Figure 18 : Polymorphisme des lipides. les sphères bleues indiquent les têtes hydrophiles, les

chaines jaunes représentent les chaines hydrophobes (Lee et al., 2008; Epand et al., 2015)

La température représente le facteur qui influence le plus la configuration lipidique (Seelig, 1978; Vasilenko et al., 1982). C’est le polymorphisme thermotropique qui décrit la formation des lipides sous l’effet thermique (en plus du polymorphisme lyotropique). Les formes les plus diversifiées et les plus nombreuses des membranes sont retrouvées dans cette catégorie de polymorphisme (Sackmann et Ben-Shaul, 2016). Les phases les plus

courantes sont les phases lamellaires, hexagonales et micellaires telles qu’illustrées à la figure 18. (Seelig, 1978; Vasilenko et al., 1982; Lee et al., 2008). Le changement entre les différentes phases est un changement réversible (Lombardo et al., 2016). Cela est conforme avec les bactéries qui sont susceptibles d’être exposées à de grandes variations de température, et disposent d'une large variété de lipides qui leur permettent de maintenir l’intégrité de la membrane biologique (Dowhan et al., 2002).

La présence de certains métaux divalents est aussi un autre facteur qui pourrait initier le processus de changement de phase pour certains lipides. L’importance de l’interaction entre les métaux divalents avec les phospholipides des membranes dérive de leur rôle dans les phénomènes biologiques, comme par exemple provoquer les transitions vers la phase hexagonale (Cohen et Cohen, 1981).
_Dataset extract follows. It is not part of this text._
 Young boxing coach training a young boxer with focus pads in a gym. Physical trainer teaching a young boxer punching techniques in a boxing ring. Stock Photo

La présence des métaux divalents peut être même vitale pour les organismes unicellulaires. Par exemple, il est connu que la souche mutante d’E. coli (AD93) est incapable de synthétiser la PE (de forme hexagonale) et nécessite la présence de métaux divalents comme le calcium ou le magnésium pour convertir les cardiolipides de phase lamellaire en des formes hexagonales, permettant ainsi d’accomplir ses fonctions biologiques (Rietveld et al., 1993; Killian et al., 1994).
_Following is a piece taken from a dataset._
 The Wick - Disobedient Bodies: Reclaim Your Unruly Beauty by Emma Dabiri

Les membranes modèles peuvent être étudiées par RMN du phosphore qui permet d’exploiter les différentes phases lipidiques sans avoir recours au marquage isotopique (Seelig, 1978; Cullis et Kruijff, 1979; Marcotte et al., 2003; Marcotte et Auger, 2005; Robert et al., 2015). La partie théorique explique plus en détail l’étude du polymorphisme par ces techniques (chapitre 2).